Someone Else: Yes he does! WE make up the Church. If it weren’t for the people in the pews there’d be no church!

Me: [Where I begin to fail as a Catholic] What!?! I hate to break it to you but you don’t show up for mass to do the priest a favor. He can celebrate mass without a single congregant in the pews. You not being there does not mean the Eucharist will not transubstantiate.

Someone Else: But.. but… this priest is just coming in and telling people how to worship. This is America! You can’t just tell people how to worship! [I swear this was actually said. Verbatim.]

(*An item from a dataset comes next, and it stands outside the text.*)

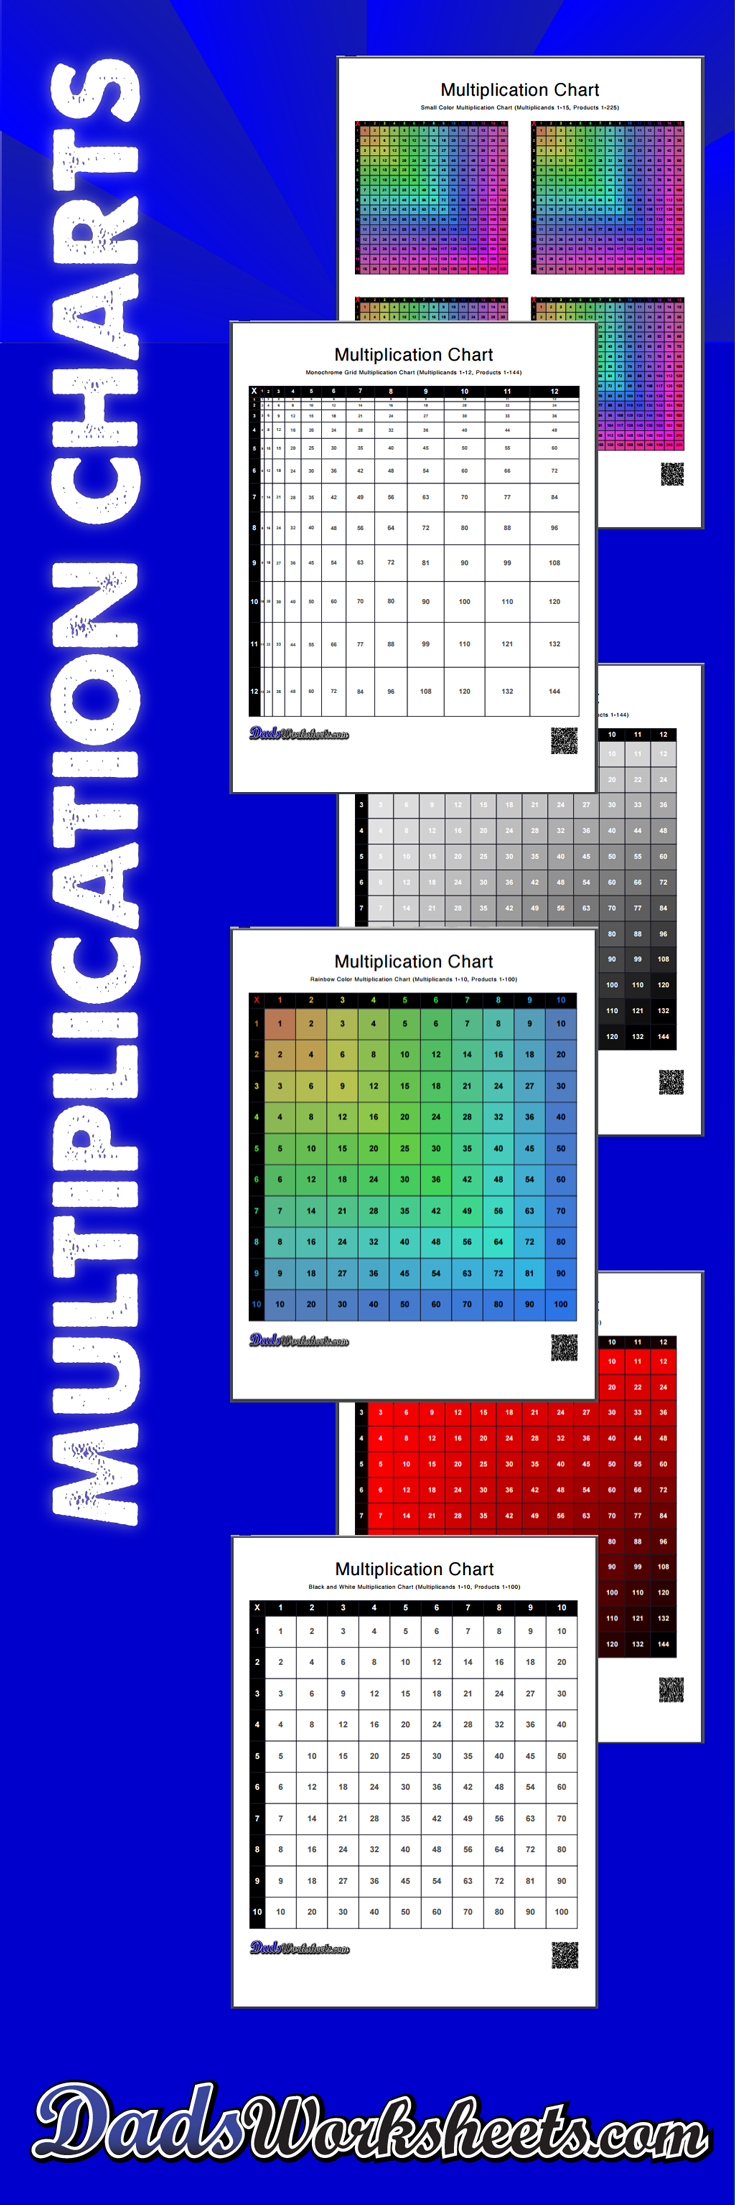 Multiplication Charts: 59 High Resolution Printable Pdfs, 1
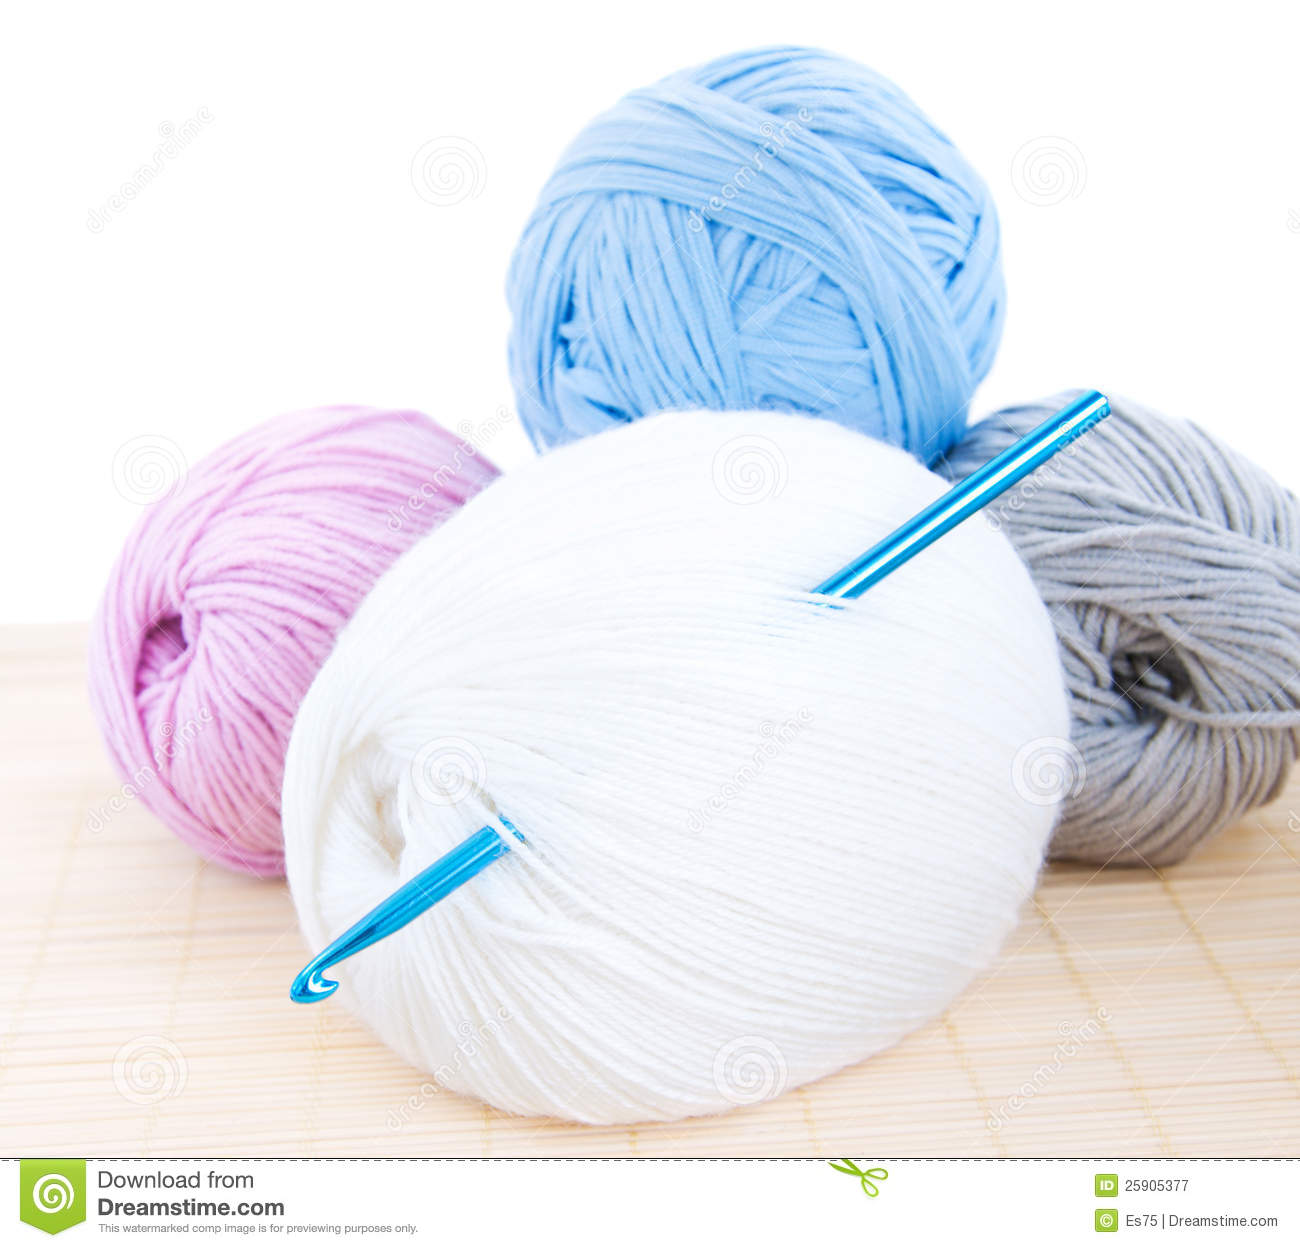 Crochet Hook And Yarn Royalty Free Stock Photography   Image  25905377

Me: Are you freaking serious?! Of course you can be told how to worship. There’s a man in Rome with a big pointy hat who’d tell you otherwise and 2000+ years of rules, dogma, and tradition to back him up! If you don’t want to be told how to worship you sure as hell picked the wrong religion. May I suggest that nice Tongues of Fire Freewill Pentecostal Four-Square Community Church right around the corner. They have no apostolic succession, hierarchy or authority. You should fit in nicely.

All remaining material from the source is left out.